Matthew Tsujimura, representing Enterprise, wrote, “While rental cars only comprise about 5% of the total vehicles in the State, the rental car surcharge tax represents approximately 26% of the total funds in the highway special fund. Enterprise understands the State’s concerns about climate change impacts, and already offers a voluntary contribution for research to offset carbon emissions on each contract. However, Enterprise is very concerned that creating a new fee as proposed in S.B. 2054 singles out an industry to solve the budget deficit and climate change, when the industry is already contributing more than its fair share to the State.”

The Office of Planning and Sustainable Development warned that climate change mitigation will require a statewide approach involving at least 10 state agencies.

Support also came from the Hawaii State Association of Counties, Maui County Council, Life of the Land and Ulupono Initiative.

Maui Council Chairwoman Alice Lee wrote in support of SB 2054 that “ground transportation contributes significantly to Hawaii’s share of greenhouse gas emissions.
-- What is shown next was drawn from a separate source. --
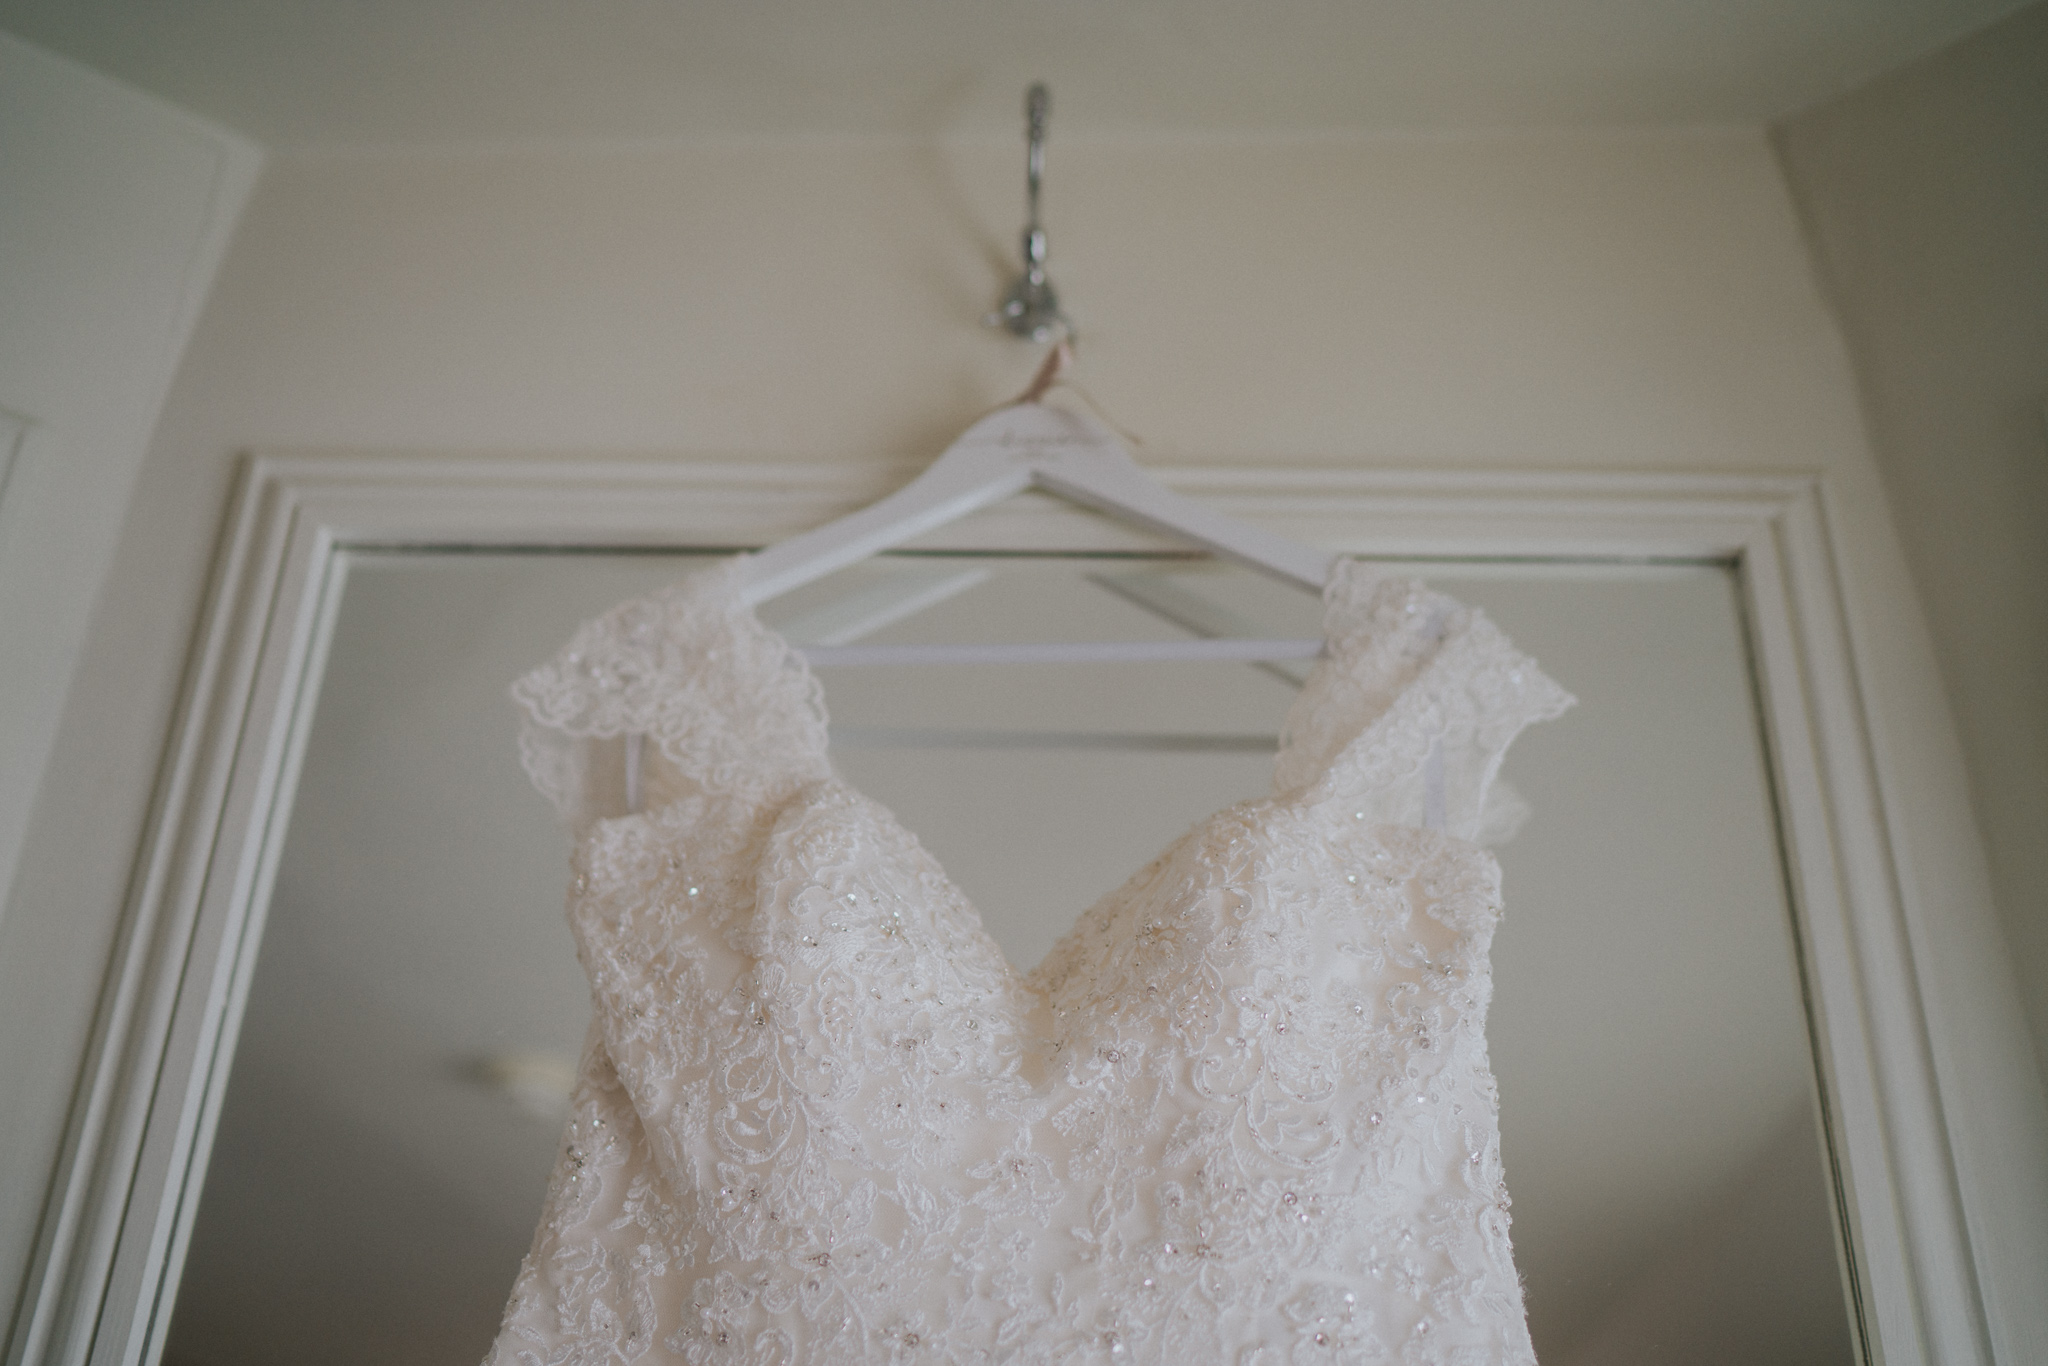 lizzie-faz-fennes-asian-fusion-wedding-grace-elizabeth-colchester-essex-alternative-wedding-lifestyle-photographer-essex-suffolk-norfolk-devon (7 of 55).jpg

The fee to be established by this measure would incentivize more sustainable forms of transportation and mitigate the effects of climate change. … This measure is a form of tourism management that can help to ensure quality of life for residents, the health of the environment, and the continued value of the visitor experience.”

The UH study of U.S. tourists found that all answered that “sustainability is important,” according to study co-author Jerry Agrusa, a professor in the School of Travel Industry Management.

“There has also been a clear shift in what tourists want from a destination. The tourists want to be engaged now in the destination,” he said in a news release. “They do not want to just take any longer, but they want to give back as well.”